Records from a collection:
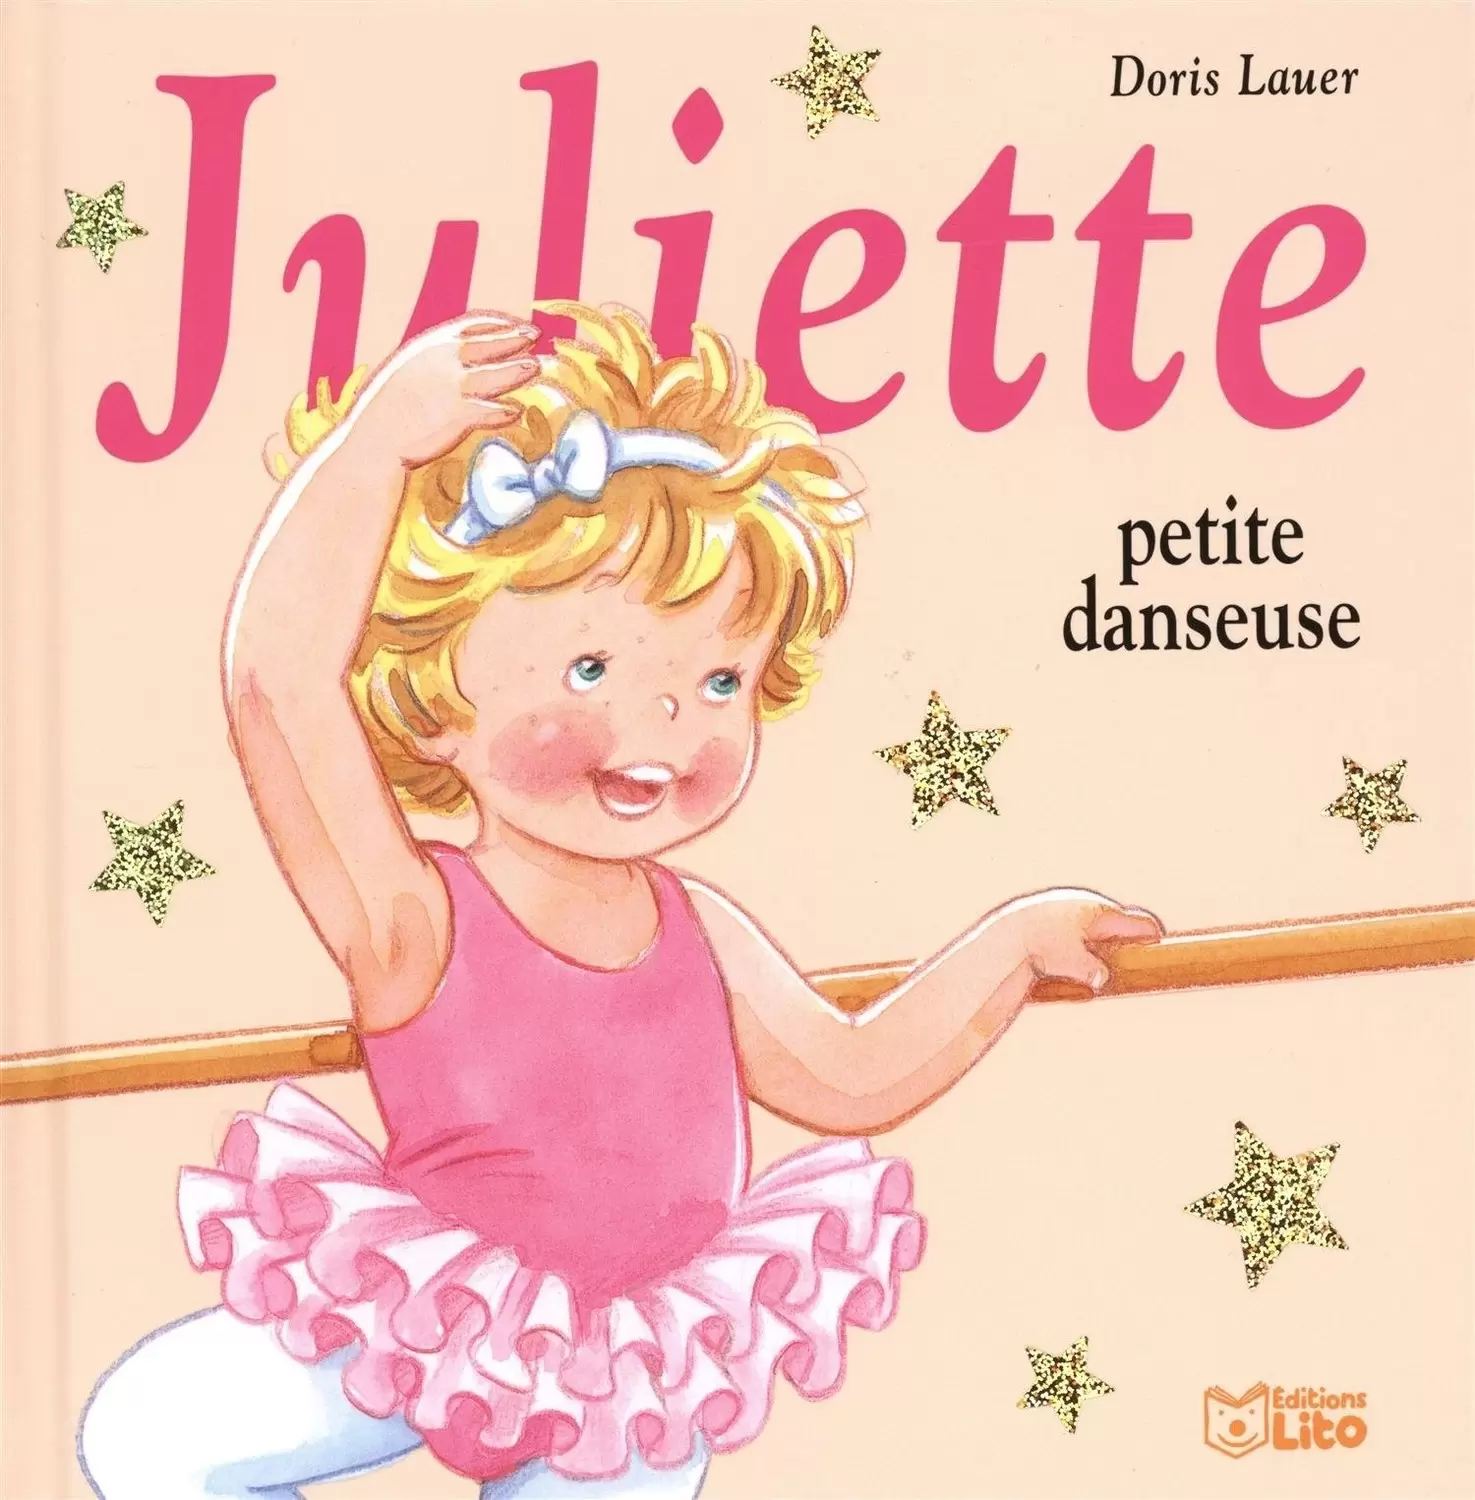 Juliette - Juliette petite danseuse
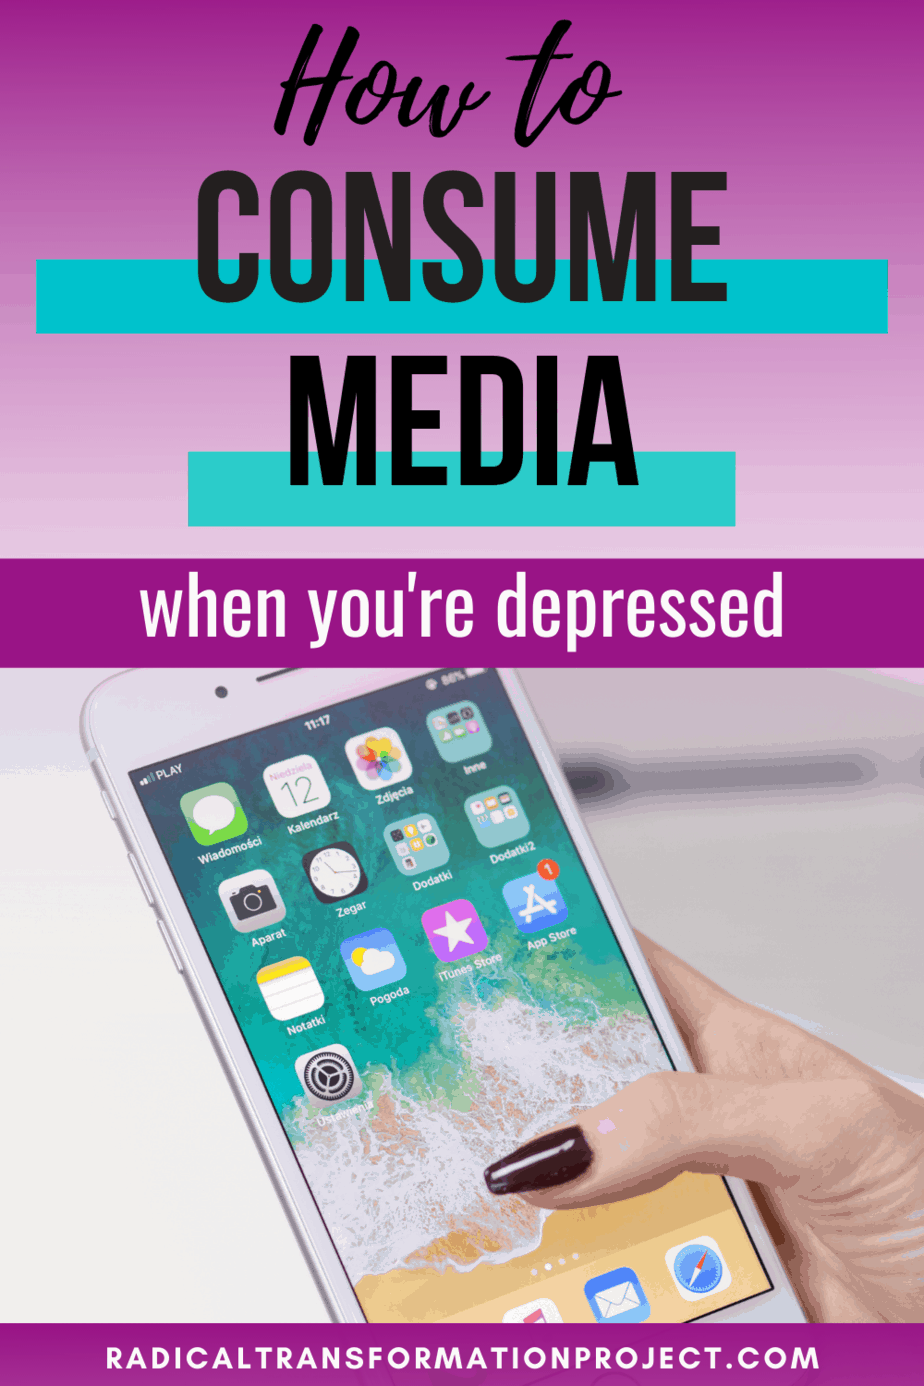 consuming media when depressed
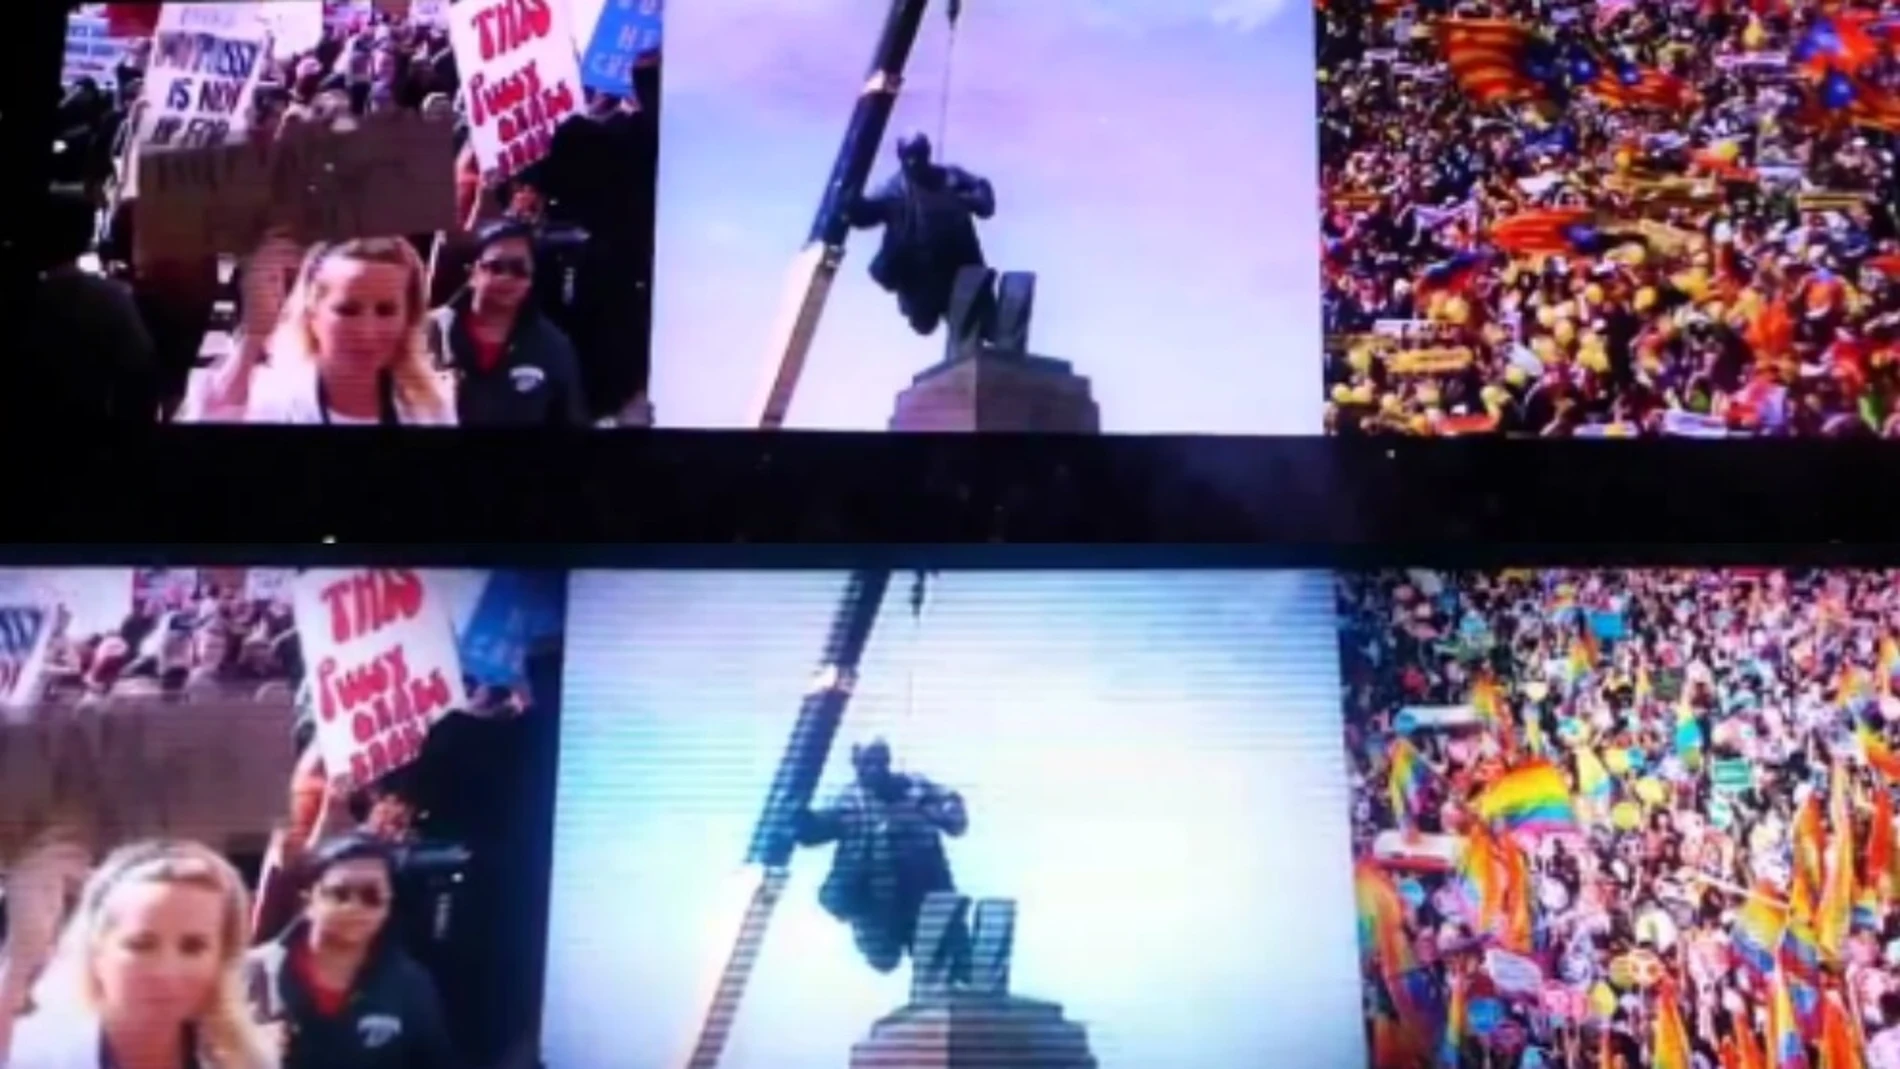 U2 sustituye las esteladas de su concierto en Berlín por la manifestación del Orgullo para su arranque de concierto en Madrid
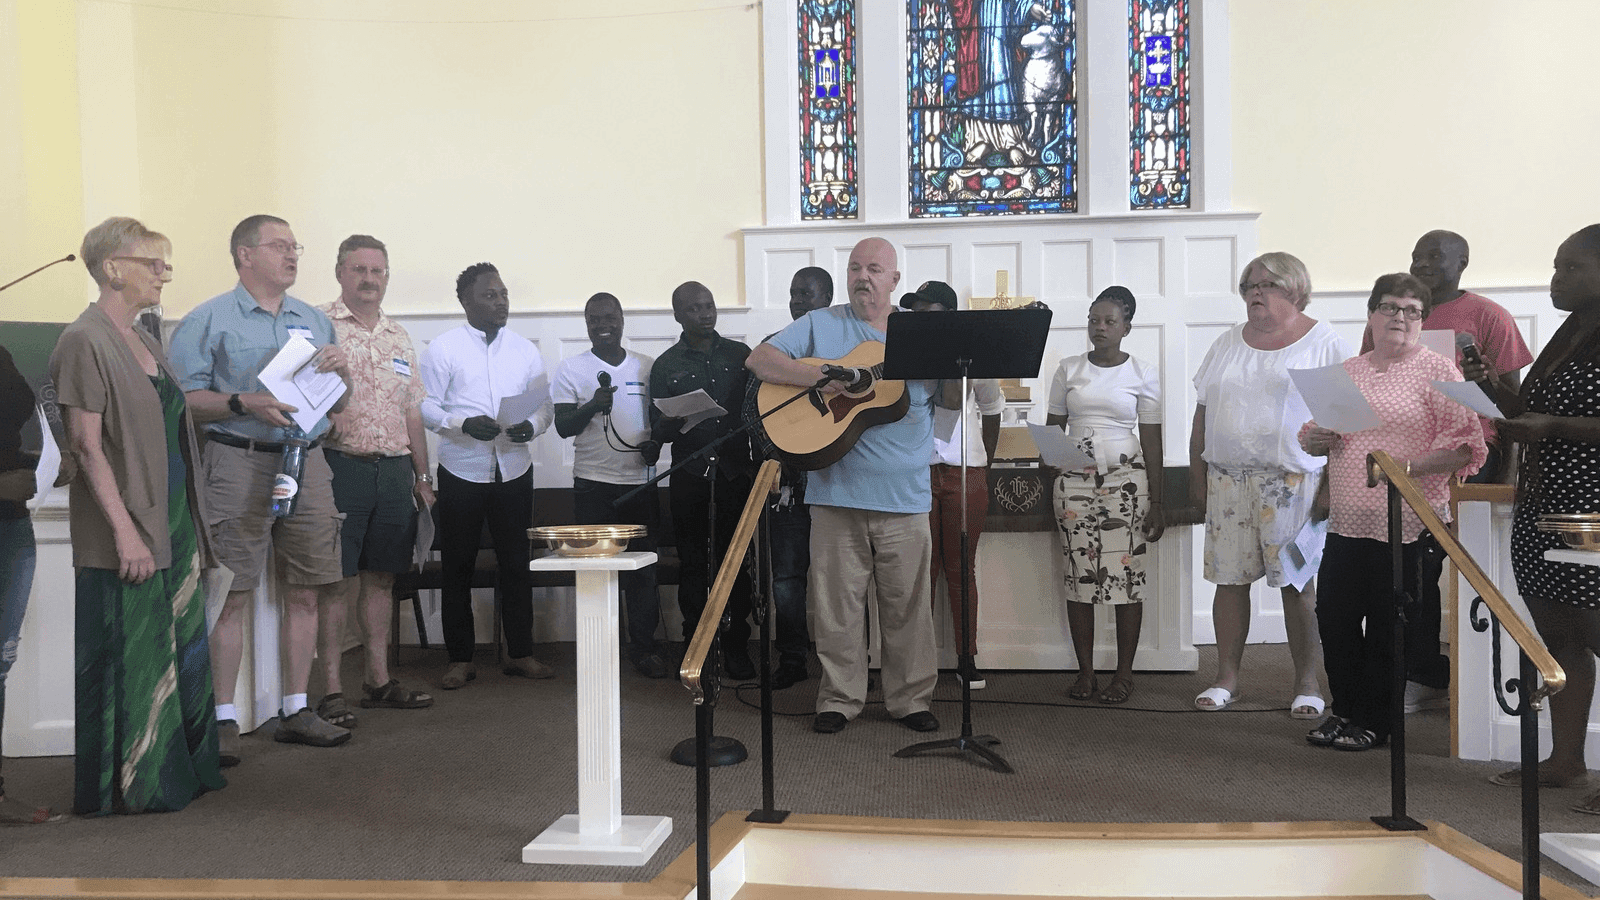 asylum-seekers sing in a church choir
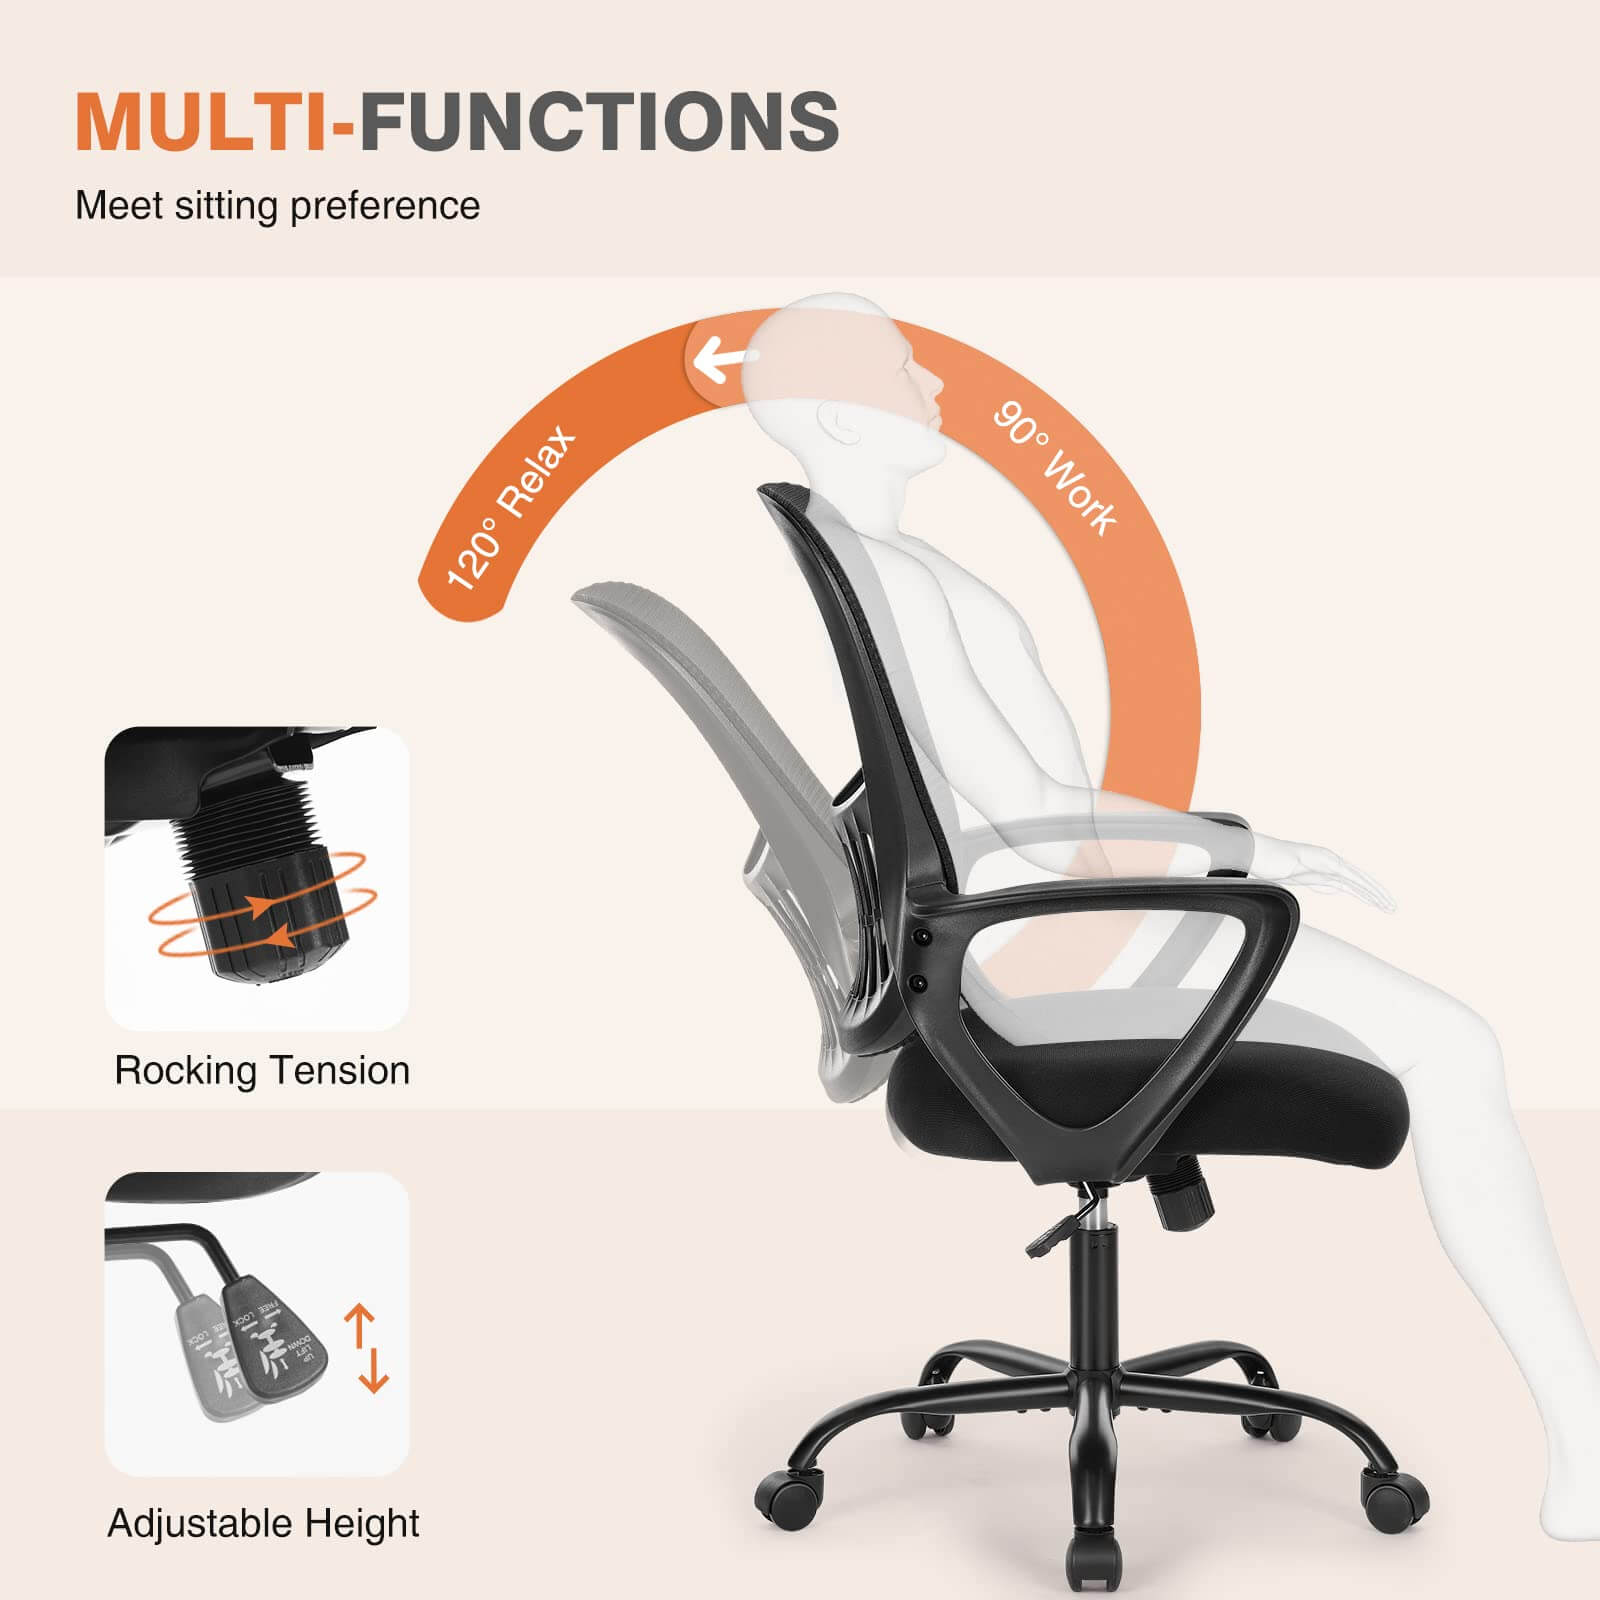 office-chair-ergonomic#Quantity_4 Chair#Color_Black

Activity: Return the entries above exactly as they appear. Pictures should not be copied.

Result of this task:
 Juliette - Juliette petite danseuse
 consuming media when depressed
 U2 sustituye las esteladas de su concierto en Berlín por la manifestación del Orgullo para su arranque de concierto en Madrid
 asylum-seekers sing in a church choir
 office-chair-ergonomic#Quantity_4 Chair#Color_Black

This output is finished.